Many friends gathered for a party <to say farewell to Akko>

wanabee

Senior Member
Japanese
Dear all,

Many friends gathered for a party to say farewell to Akko.

I made it up. Could you tell how you read this sentence?
1. Many friends gathered for a party <in order to say farewell to Akko.>
2. Many friends gathered for <a party that was to say farewell to Akko.>
 
  • panjandrum

    Lapsed Moderator
    English-Ireland (top end)
    Confused?
    I think I need more explanation of the suggested difference between (1) and (2).

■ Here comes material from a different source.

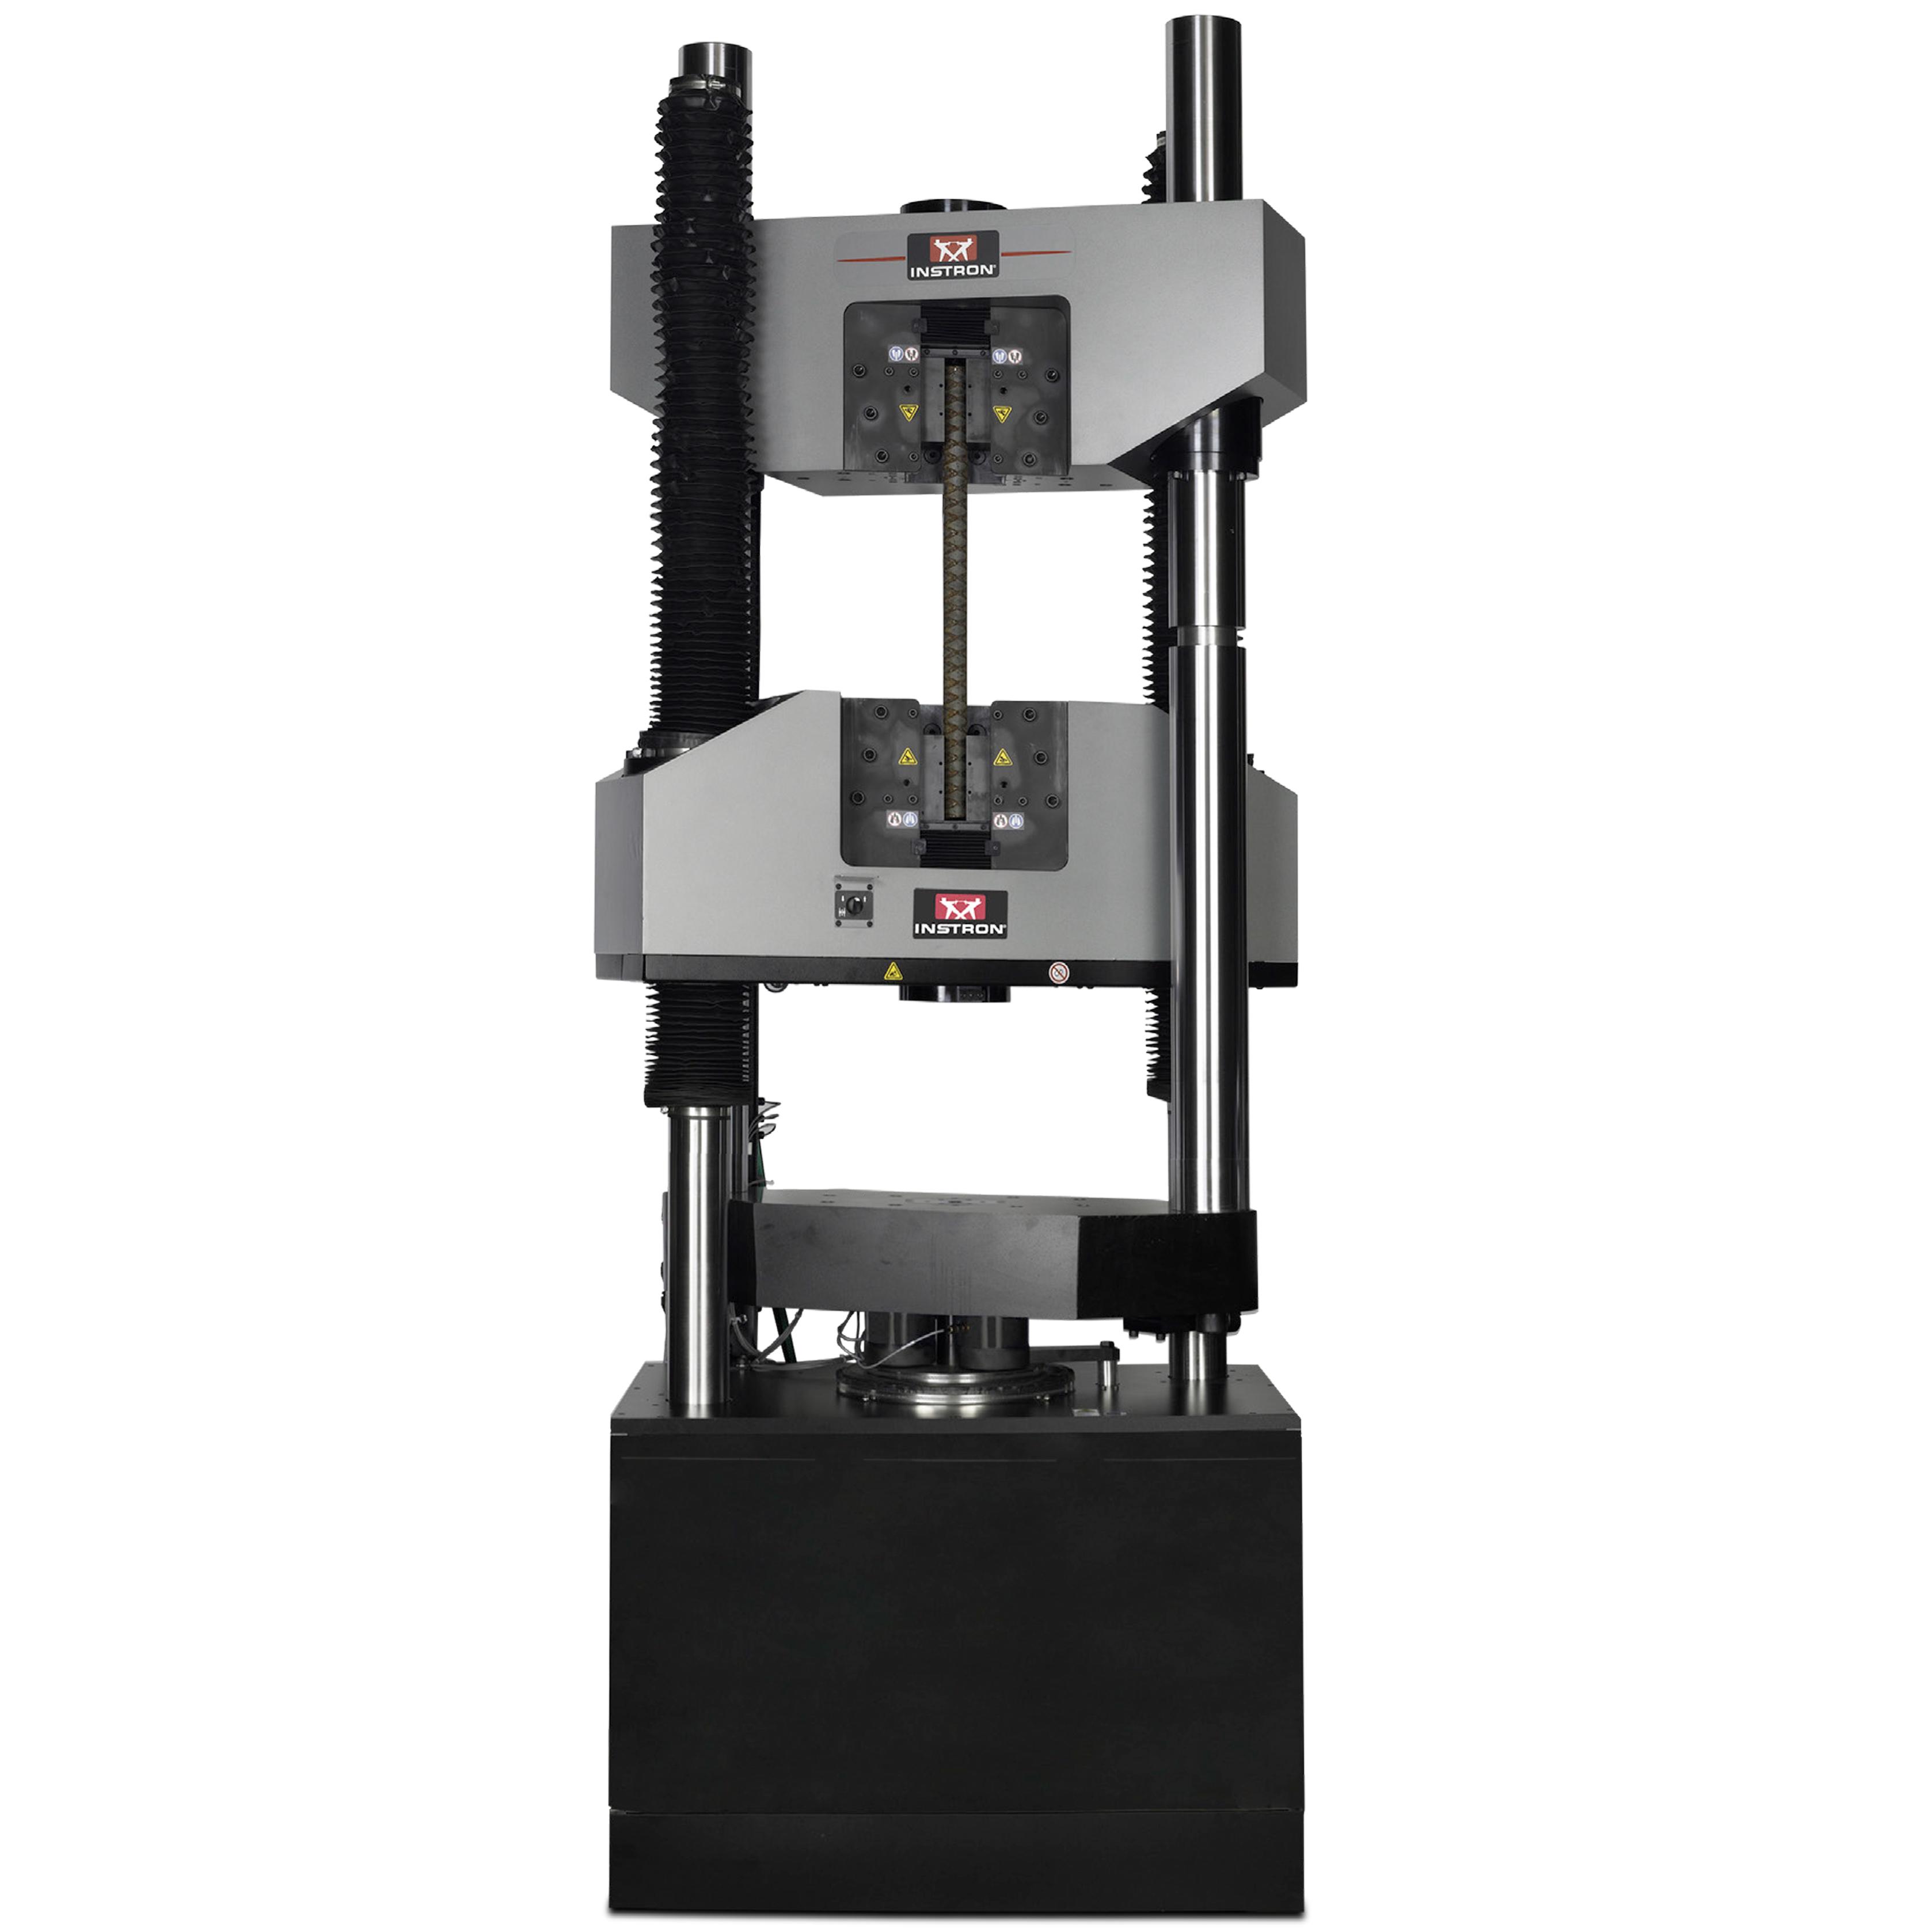 Serie industrial modelo HDX

Is it something to do with who organised the party?
    I'm tempted to say that if there is a difference, it really doesn't matter.
    The sentence structure looks familiar to me, and not at all ambiguous.
    Perhaps my nuance-detector has gone awry.
     

    Thomas Tompion

    Senior Member
    English - England
    I think a comma might help.

    Many friends gathered for a party, to say farewell to Akko
    - To say farewell to Akko, many friends gathered for a party.

    Many friends gathered for a party to say farewell to Akko
    - Many friends gathered for a party held to say farewell to Akko.

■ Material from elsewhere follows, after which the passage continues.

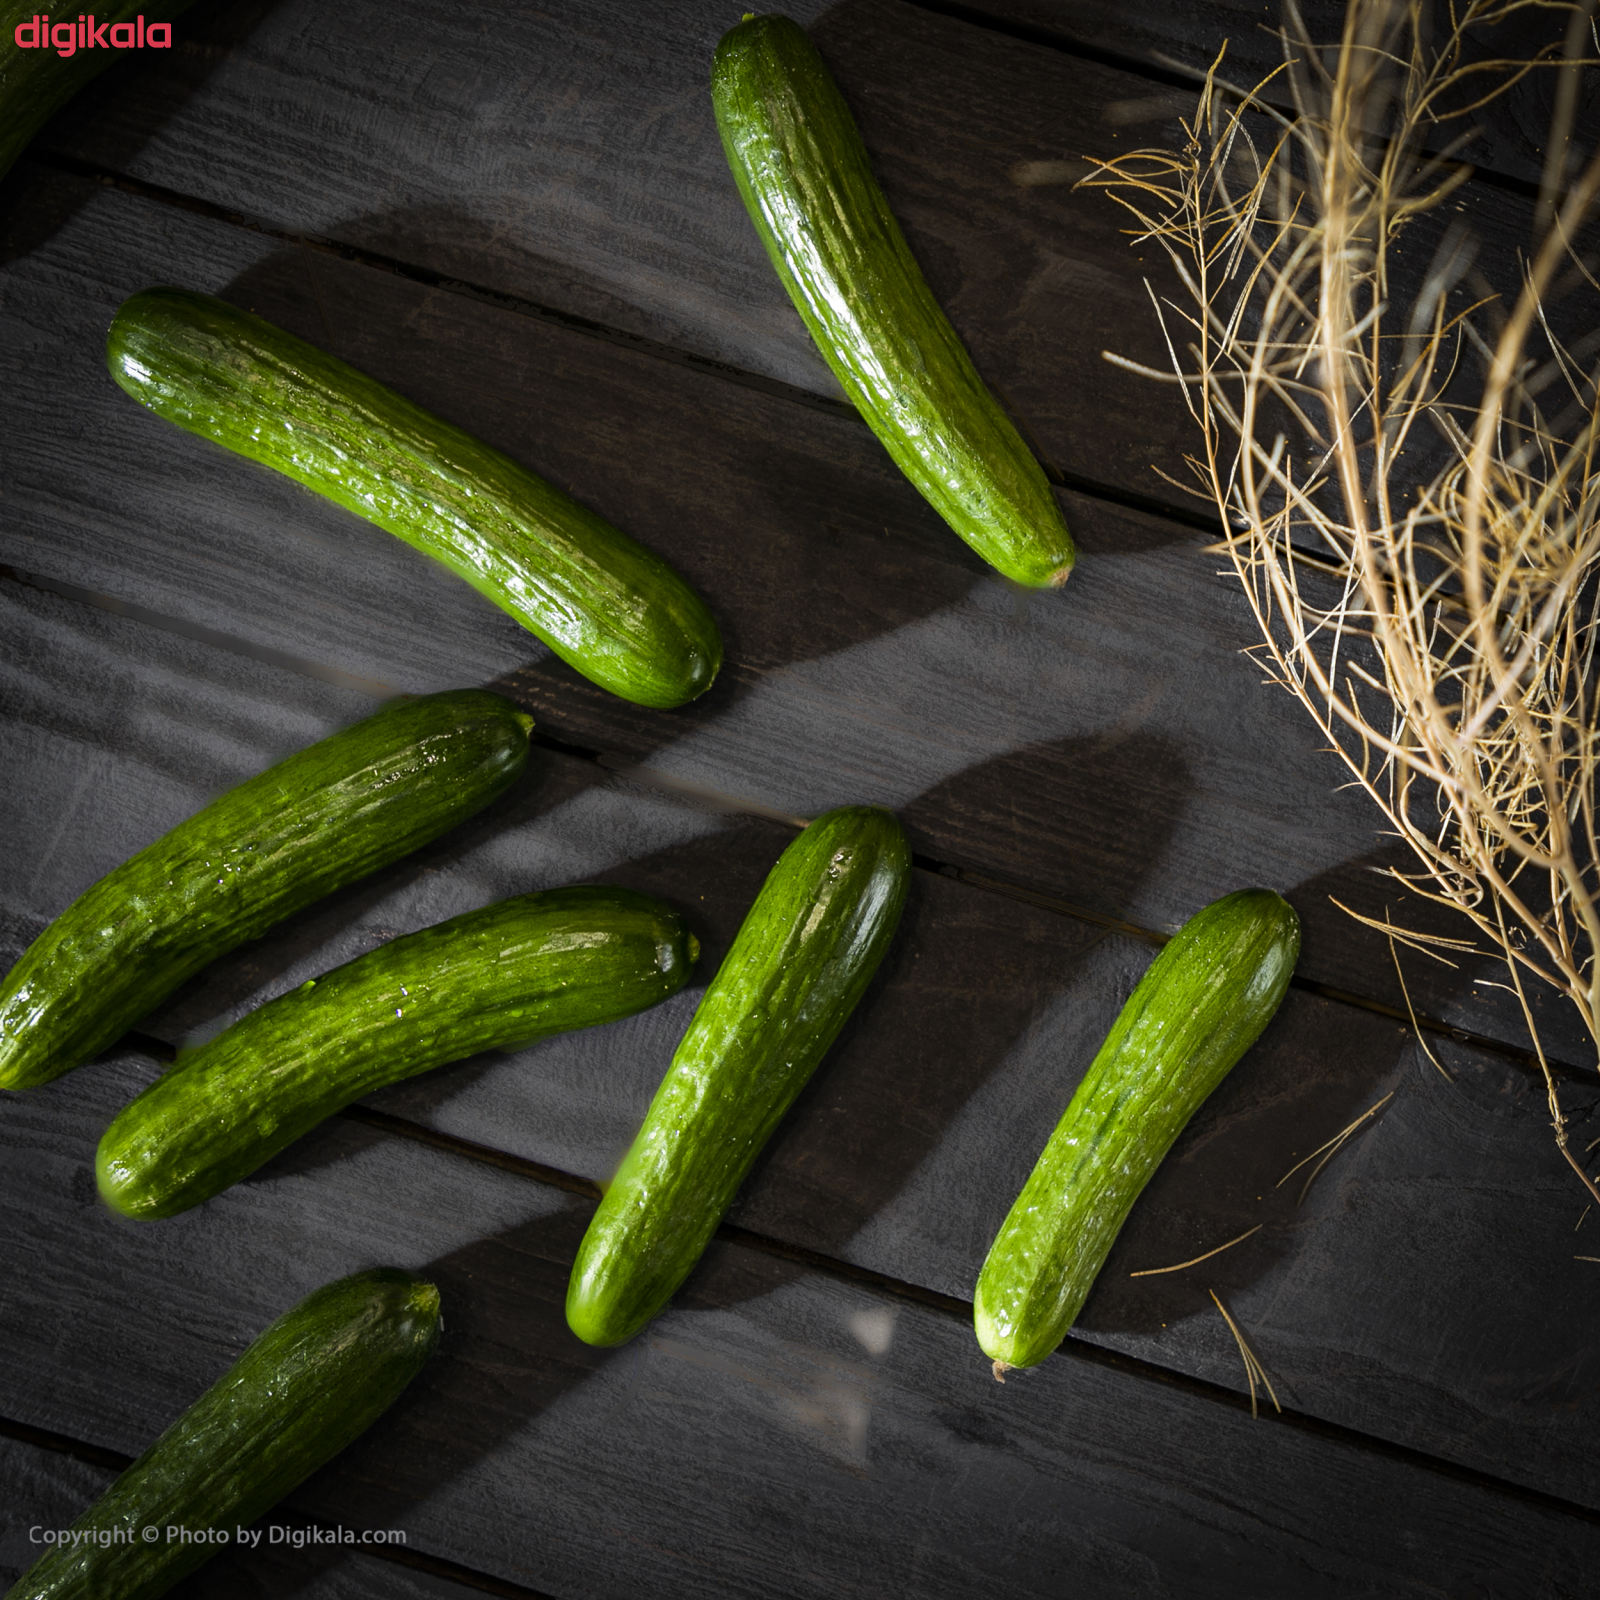 خیار گلخانه ای میوه پلاس - 1 کیلوگرم main 1 3

    The comma clarifies the first sentence, but I can't see how the ambiguity can be removed from the second, without adding that held, or something similar.
     

    panjandrum

    Lapsed Moderator
    English-Ireland (top end)
    I might be beginning to see a difference.

    1. The party came into existence only because many of Akko's friends gathered to say farewell to him.

    2. A party had been arranged for the purpose of saying farewell to Akko; many of Akko's friends gathered at the party.